ABSTRACT

In the year 1009, the Fatimid caliph Abu Ali al-Mansur al-Hakim ordered the destruction of the Church of the Holy Sepulcher in Jerusalem. Demolition work started on September 28, 1009, aimed not only against the church itself but also the convent beside it, although the destruction does not appear to have been particularly thorough. This event is pertinent to the subject of this volume because of a peculiar rumor that circulated at least in the kingdom of France in the first half of the eleventh century: that this attack on the holiest point of the Christian cosmos had been instigated by the Jews. Two near-contemporary chroniclers, Rodulfus Glaber and Ademar of Chabannes, both tell the story, varying in details but both firm in placing the ultimate blame on a Jewish plot — specifically, a conspiracy by the Jews of France to convince al-Hakim that the Christians were a threat and could best be countered with an attack on the Holy Sepulcher. This story is an important, though enigmatic, piece of evidence for historians studying the rise of anti-Semitism in Western Europe in the period before the First Crusade.
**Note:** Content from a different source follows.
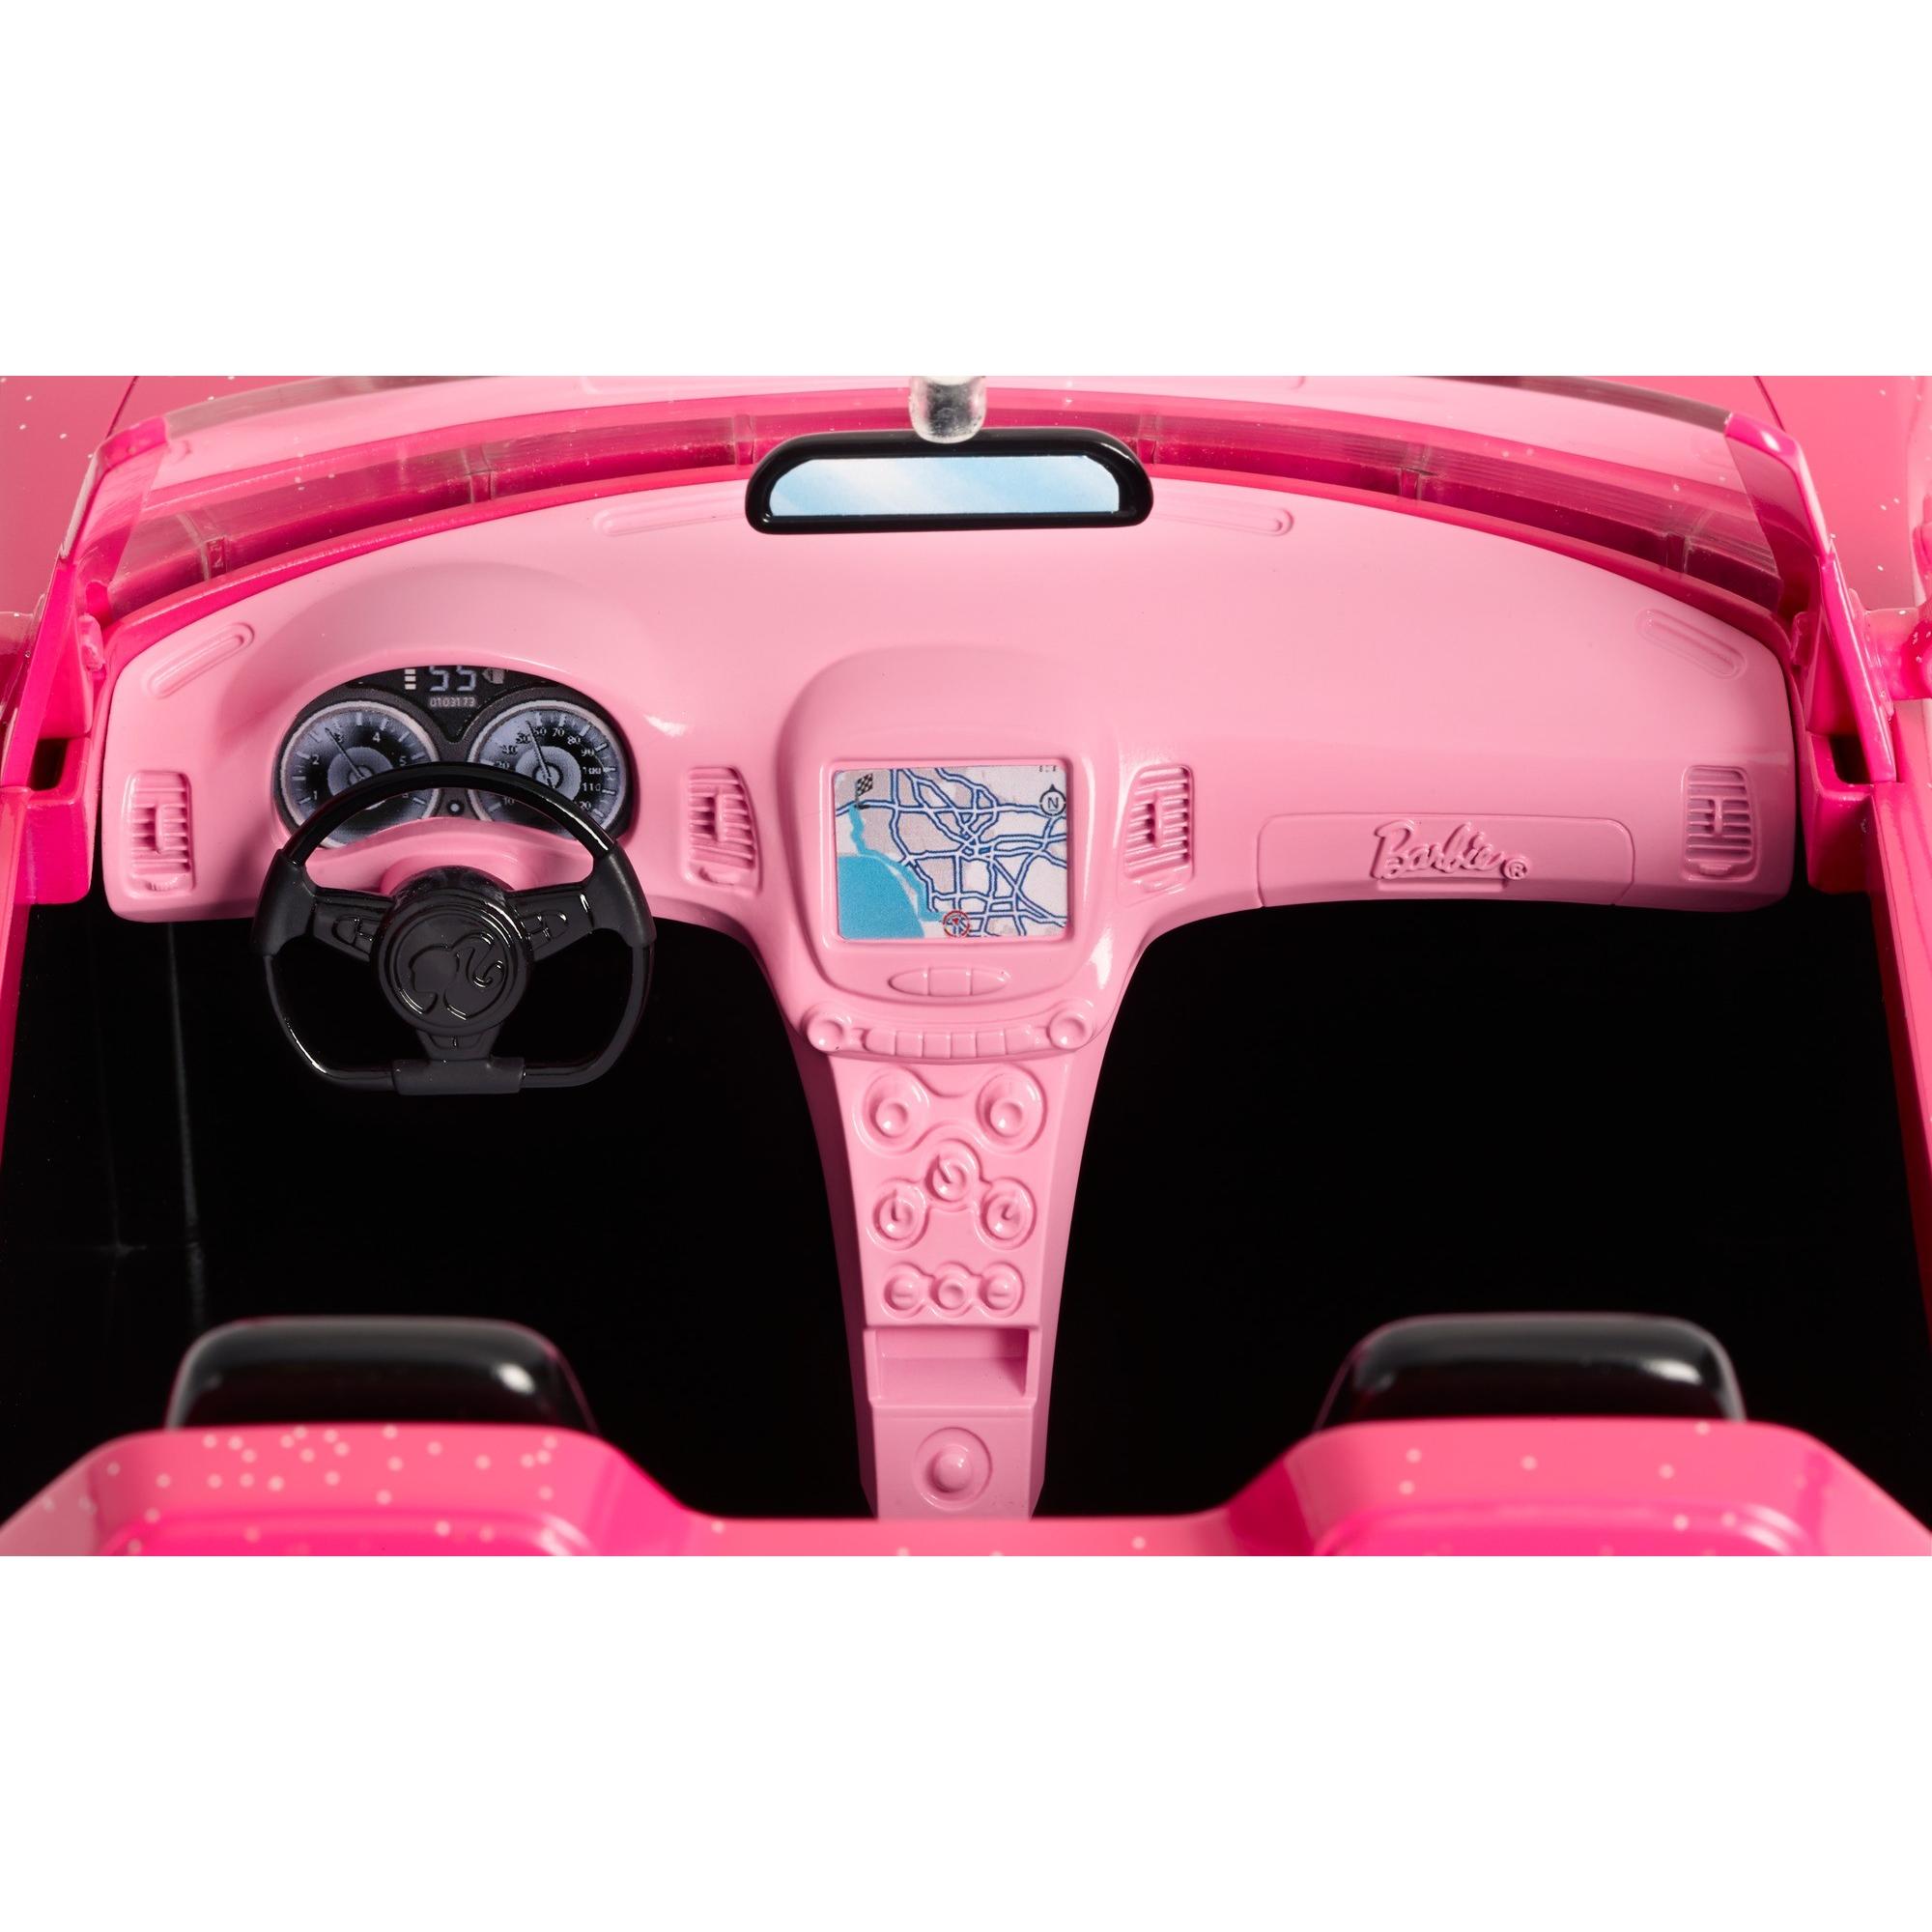 Barbie Convertible Toy Car, Sparkly Pink 2-Seater with Rolling Wheels - image 4 of 7

The tale appears as one of a number of negative statements about Jews in eleventh-century Christian sources and specifically occurs in the context of a series of violent attacks on Jews that took place in the years 1007 to 1012. But these accounts of a great Jewish plot against the heart of Christianity, the most spectacular in their claims, have been the least studied of these extant texts for what they can reveal of Jewish–Christian interactions and attitudes in a period of worsening relations.